A rectangular-fit classifier for synthetic aperture radar automatic target recognition

The utility of a rectangular-fit classifier for Synthetic Aperture Radar Automatic Target Recognition (SAR ATR) is examined. The target is fitted with and modeled as a rectangle that can best approximate its boundary. The rectangular fit procedure involves 1) a preprocessing phase to remove the background clutter and noise, 2) a pose detection phase to establish the alignment of the rectangle via a least squares straight line fitting algorithm, and 3) size determination phase via stretching the width and the height dimensions of the rectangle in order to encapsulate a pre-specified, e.g., 90%, of the points in the target.

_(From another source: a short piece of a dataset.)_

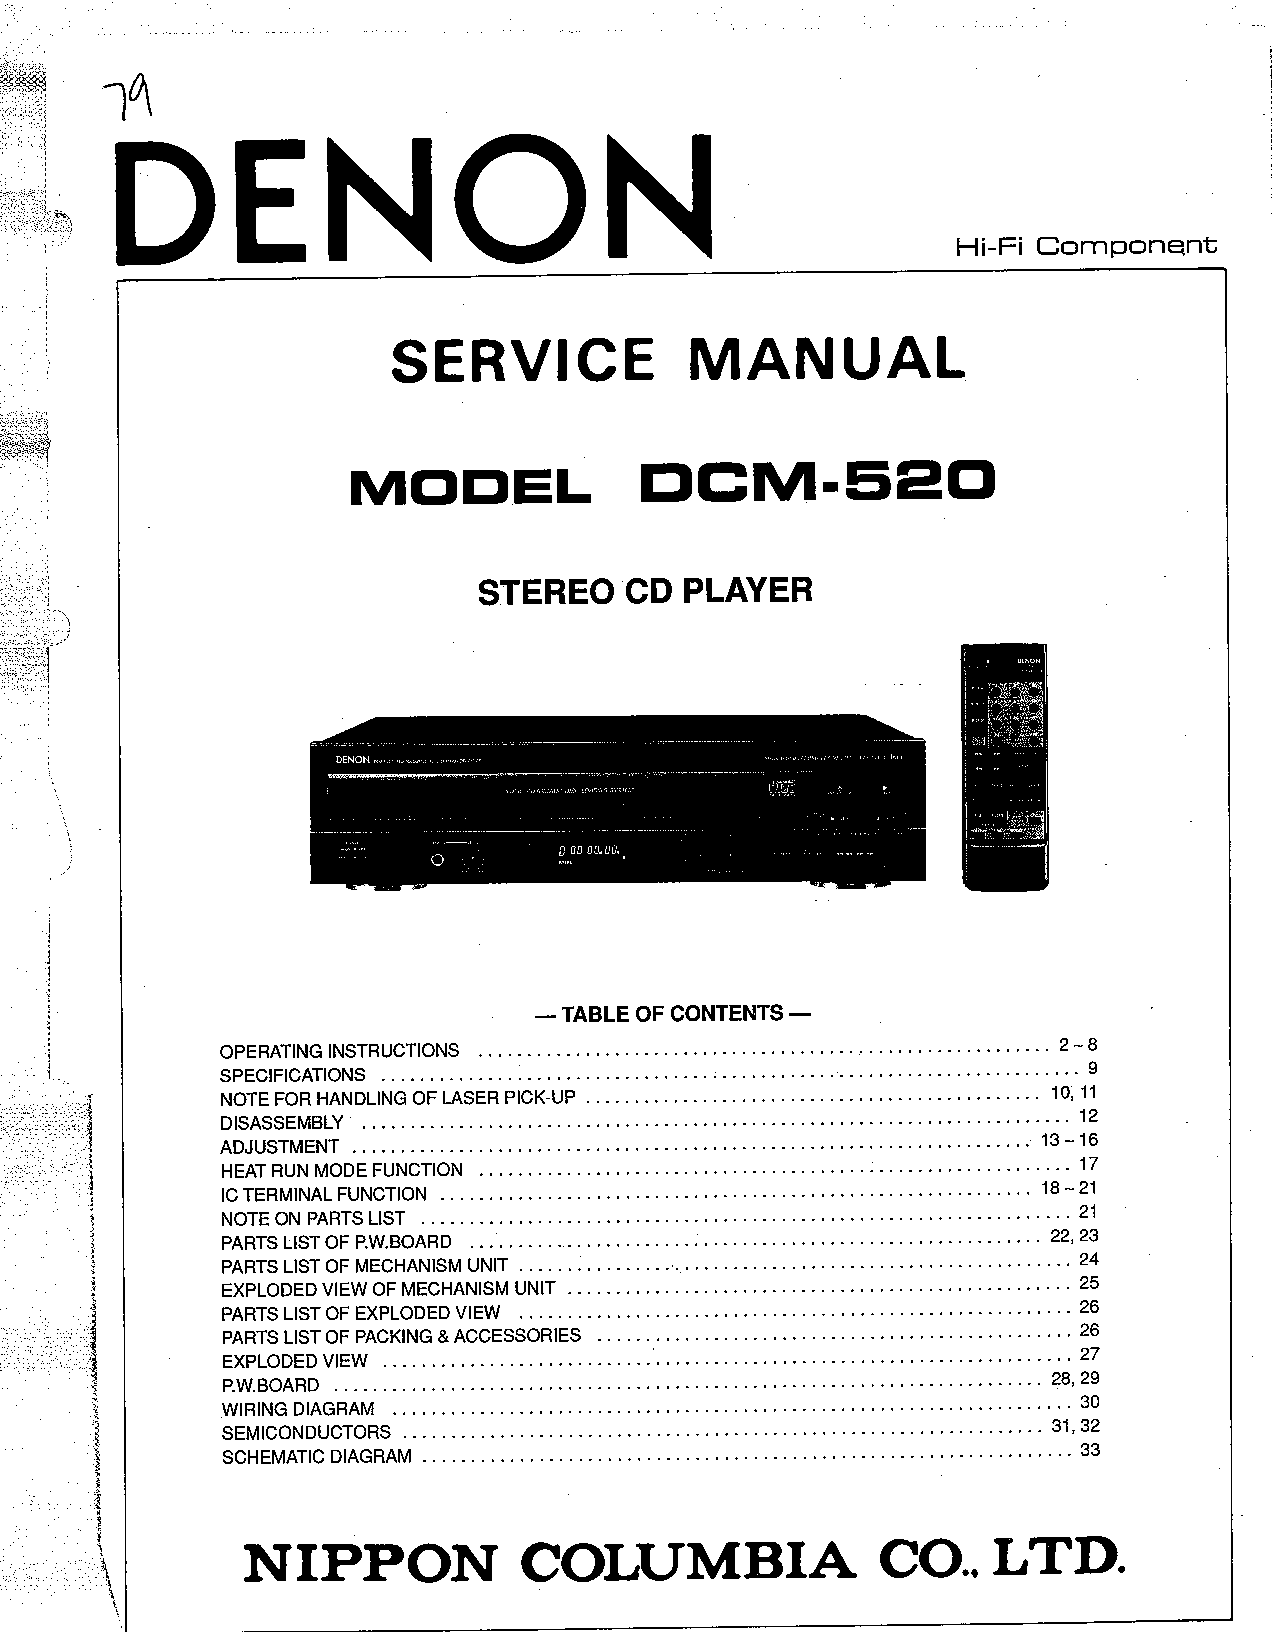 Denon DCM-520 Service Manual

A training set composed of approximately half the total images in the MSTAR public imagery database are used to obtain and record the statistical variations in the width and height of the resulting rectangles for each potential target. The remaining half of the images is then used to assess the performance of this classifier. Preliminary results using minimum Euclidean and Mahalanobis distance classifiers show overall accuracies of 44% and 42%, respectively. Although the classification accuracy is relatively low, this technique can be successfully used in combination with other classifiers such as peaks, edges, corners, and shadow-based classifiers to enhance their performances. A unique feature of the rectangular fit classifier is that it is rotation invariant in its present form. However, observation of the dataset reveals that in general the shapes of the targets in SAR imagery are not fully rotation invariant. Thus, the classification accuracy is expected to improve considerably using multiple training sets, i.e., one training set generated and used for each possible pose. The tradeoff is the increased computation complexity which tends to be offset by ever increasing efficiency and speed of the processing hardware and software. The rectangular fit classifier can also be used as a pose detection routine and/or in conjunction with other ATR schemes, such as shadow-based ATR, that require an initial pose detection phase prior to matching.